Based on the chat we just had with @patrykkopycinski, we might need to update steps 6 and 7. It sounds like results are shown right away now.

Patryk - can you confirm, would this revision make sense following the update you've made?

(after step 5)

6. Review the results. Depending on the number of agents queried, this request may take some time. Status info is updated as available.
7. (optional) Click the Status tab to view more info about the request, for example, if there are any failures.

Switched it!

@lykkin / @patrykkopycinski - do we need to revise the statuses we list? We currently list Successful, Failed, and Not yet responded. I just remembered there may be a new Expired status (or something similar), for query requests that timed out?

yeah Expired is now a status, good catch

Added

I think we missed a bullet point here, just need to add a -. In the rendered view, row 91 is included with the bullet on row 90.

• Osquery data is stored...

Updated

Recommend telling users to open the main menu (the left sidebar) to get to Osquery. For example: From Kibana, open the main menu and click Management > Osquery.

Might help orient the user if you also include the page name. For example: On the Live queries history page, click the New live query button. Another option is to include a line like "The Live queries history page displays" at the end of the first step.

Might be able to combine the first two sentences in this step to something like: Select one or more agents or groups to query.

Also recommend explaining how offline agents are represented and whether they can be queried. For example, do they have a red dot next to them or are they not marked at all? And are results returned after users submit their query if they selected an agent that's offline?

Recommend capitalizing the "o" in "optional" since it's at the start of this sentence. Also, are you saying here that it's optional to select a saved query before submitting the new live query, or are you saying that users can create a brand new query (instead of selecting a saved one) and use that when they submit the new live query?

We're saying the The user can optional to select a saved query before submitting the new live query

Yes, ok - I did not do a good job of fully explaining what confused me about this step, so retry that here :)

If I'm understanding the workflow correctly, users have two options at this point: they can either select a saved query to run or enter their own into the textbox under the Build from a saved query (optional) field. Regardless of the option they choose, they do have to enter and submit a query in order to successfully complete the workflow. The way this step is currently written, it could be interpreted as "users have the option to enter a query or to pass on it" and that doesn't make sense because the whole point of this task is to create a new live query.

So, my suggestion here would be to remove the "optional" text at the start of the step and to expand the step's content to include the other option users can choose--which is entering a query in the box beneath the Build from a saved query (optional) field.

Hopefully that makes more sense, but of course, feel free ping me if it doesn't. :)

Is the status area the Check results area on the New live query page? If it is, you might be able to combine the last sentence with the first. For example:
View the status and results of your request under the Check results section. Queries with multiple agents or groups might take longer to return results.

It appears on the same page under the live query form; example (gif) -

Gotcha - and I see that too from my end :) Upon second thought, it might not be necessary to direct the user towards the Check results section. I'm fairly certain that it's safe to assume users won't be navigating away from this page/form or to different tabs as they're waiting for results to return.

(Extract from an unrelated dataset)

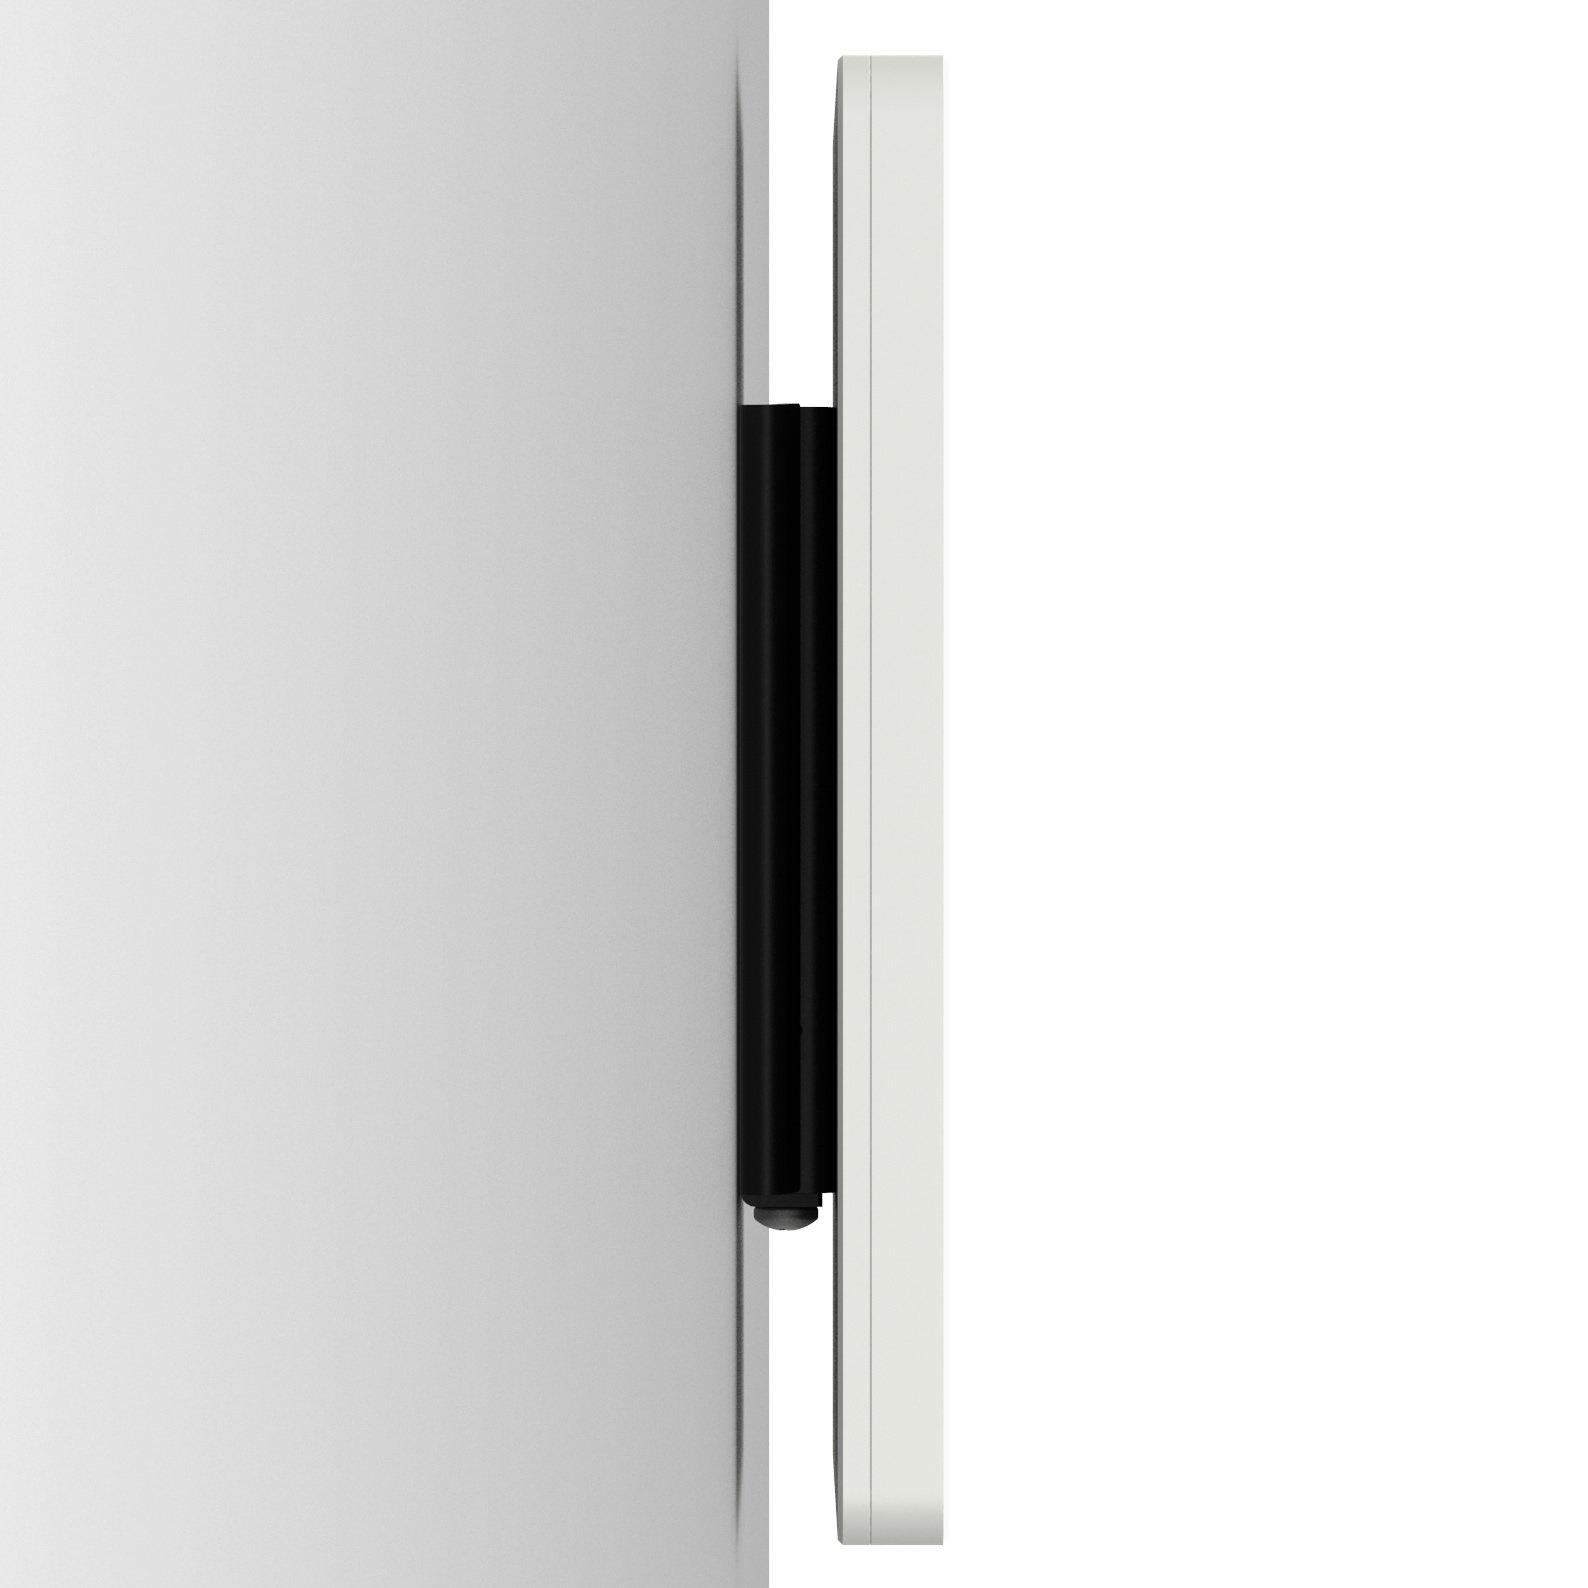 iPad (5th Gen) 9.7/Pro, Air 1/2 White Home Button Covered Fixed Slim VESA Wall Mount [Bundle] by VidaBox Kiosks (Image #3)

Recommend capitalizing the "o" in "optional".

A couple of notes here:

• Believe the "s" in status should be lowercase.
• In the first sentence, is "we" the osquery app? If it is, I'd recommend updating it to reflect that--currently, the sentence could be interpreted as "If an agent is offline, the request status remains in pending as Elastic retries the request".

👍 Switched Elastic -> Kibana

We don't typically hyphenate "flyout" in the Security docs or capitalize the term "platform" so just two minor changes there. Also, is the Platform field an optional setting? Currently, it looks like the Minimum Osquery version field is the only optional field when creating a new query. If the Platform field is mandatory, I'd recommend adding it to the second sentence (e.g., In the fly-out, enter an ID for the query, type in a query, specify the query interval (seconds), and select one or more platform to run the query.").

both should be optional @patrykkopycinski can correct me if i'm incorrect

There might be some repeated information in the first and second sentences. Could you remove the duplicate details and consolidate the sentences to something like:
The Saved queries page lists all queries that have been saved. From the Live queries page, you can create and save a new live query. From the Scheduled query groups page, you can add saved queries to a scheduled query group.

I think a conjunction (maybe "and"?) might be missing between "time" and "set" in the first sentence, but am not sure.

Added with a between time and set

Minor change here - bold Fleet > Agents.

Don't think you need the comma before "because" in the first sentence.